*Source data*.
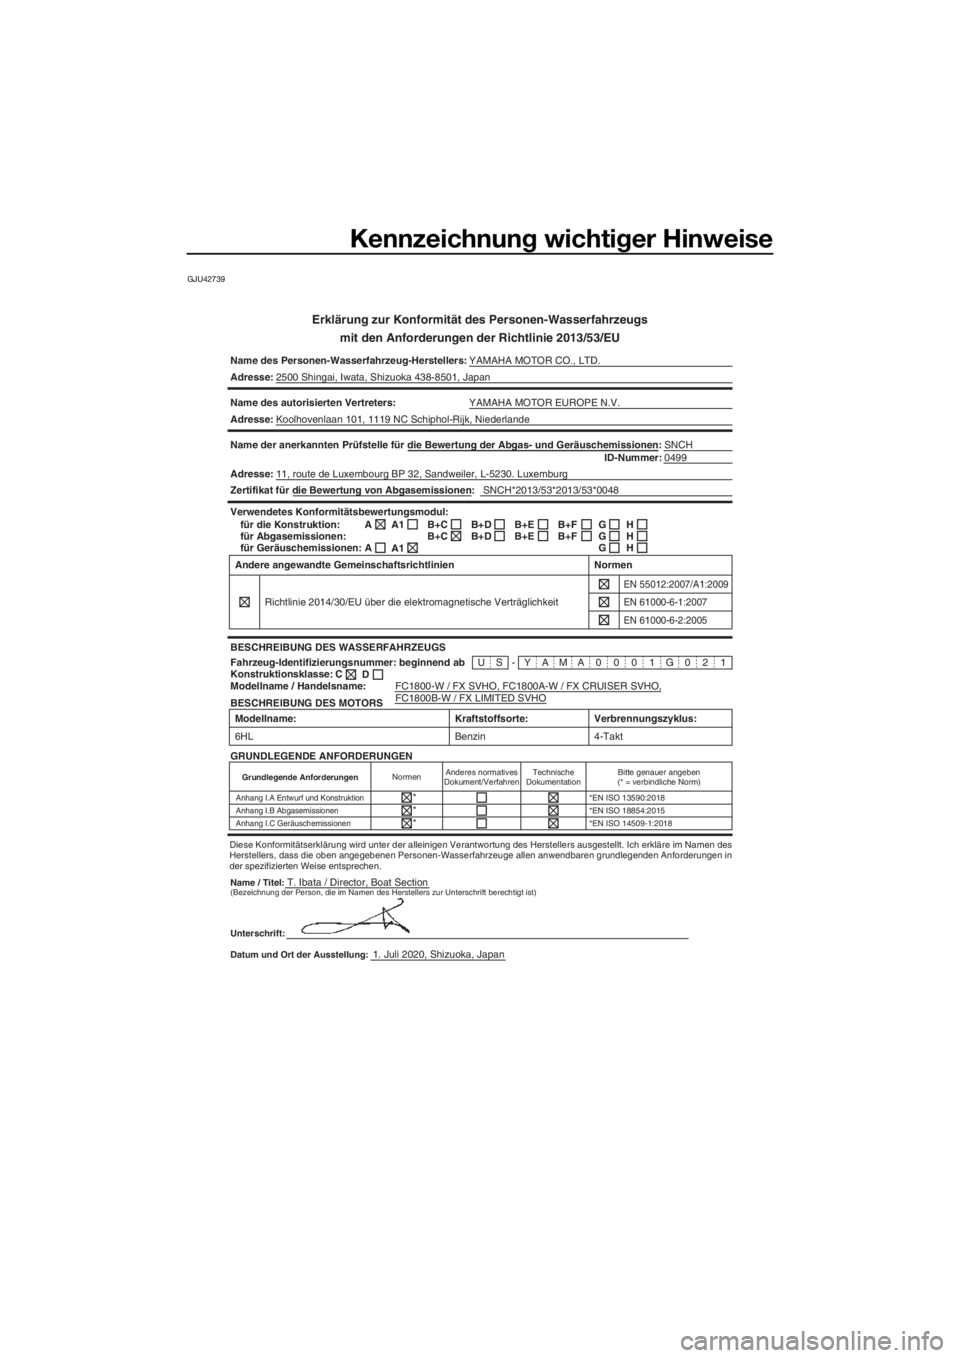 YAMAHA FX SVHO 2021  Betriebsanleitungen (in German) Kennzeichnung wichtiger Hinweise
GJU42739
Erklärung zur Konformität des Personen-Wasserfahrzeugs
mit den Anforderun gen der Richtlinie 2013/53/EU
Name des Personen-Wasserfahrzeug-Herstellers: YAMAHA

*What to work on*. Count each line of the listing above in which "Personen" appears, and give that count with nothing added.

*Exercise solution*. 2